Agent Memory Systems and Knowledge Graphs: Letta, Mem0, Graphiti, and Cognee
Design · A close look at four approaches to long-term agent memory, from text blocks to temporal graphs
Four popular agent-memory libraries each pick a different answer to the same design question. How should an agent remember things across sessions? Letta edits plain text blocks and files. Mem0 keeps a vector store with entity hints. Graphiti indexes facts as time-stamped relationships. Cognee runs an entity extraction pipeline.

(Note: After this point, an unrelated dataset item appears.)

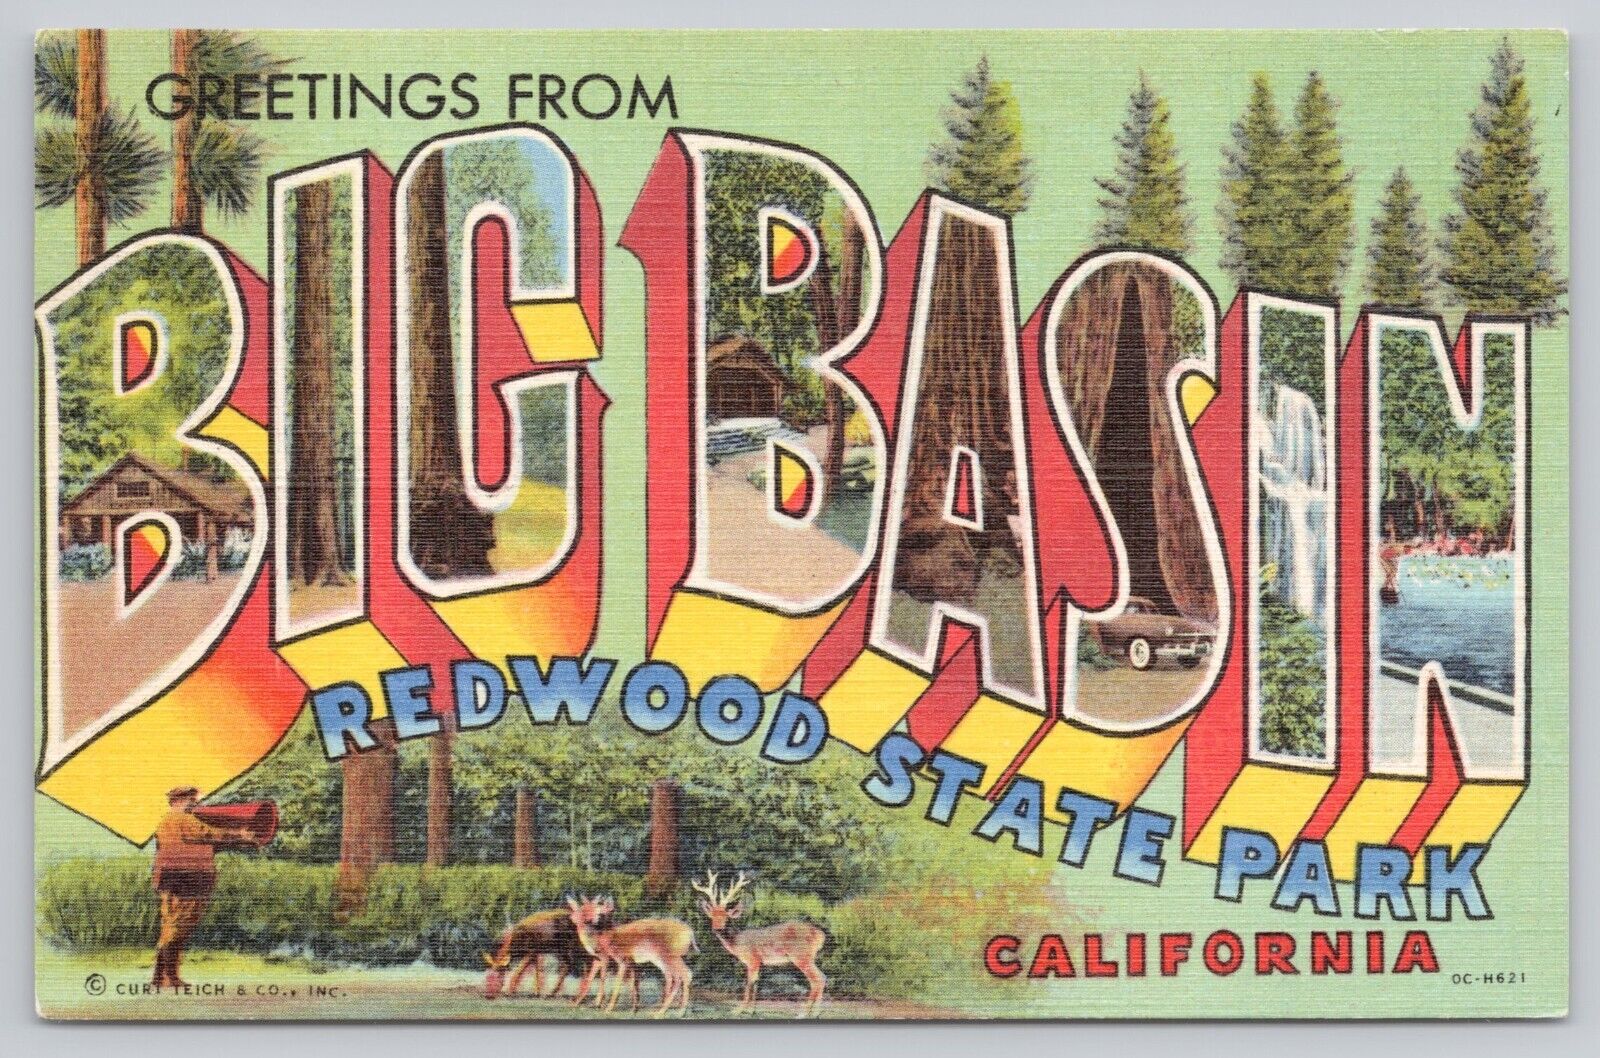 Big Basin Redwood State Park California, Large Letter Greetings Vintage Postcard

Knowledge graphs store facts as typed relationships between entities. Obsidian built a million-user product on bidirectional note links navigable as a graph. Karpathy’s LLM Wiki proposed having an LLM build a persistent knowledge base from scratch. Graph structure could let you traverse connections across facts rather than just match by similarity. But a growing number of practitioners argue files alone work well enough in practice, and specialized graph tooling adds complexity without proportional benefit. We line the four up from least graph to most and trace two concerns through each one. Do related facts get pulled back together, and how do fact changes get handled?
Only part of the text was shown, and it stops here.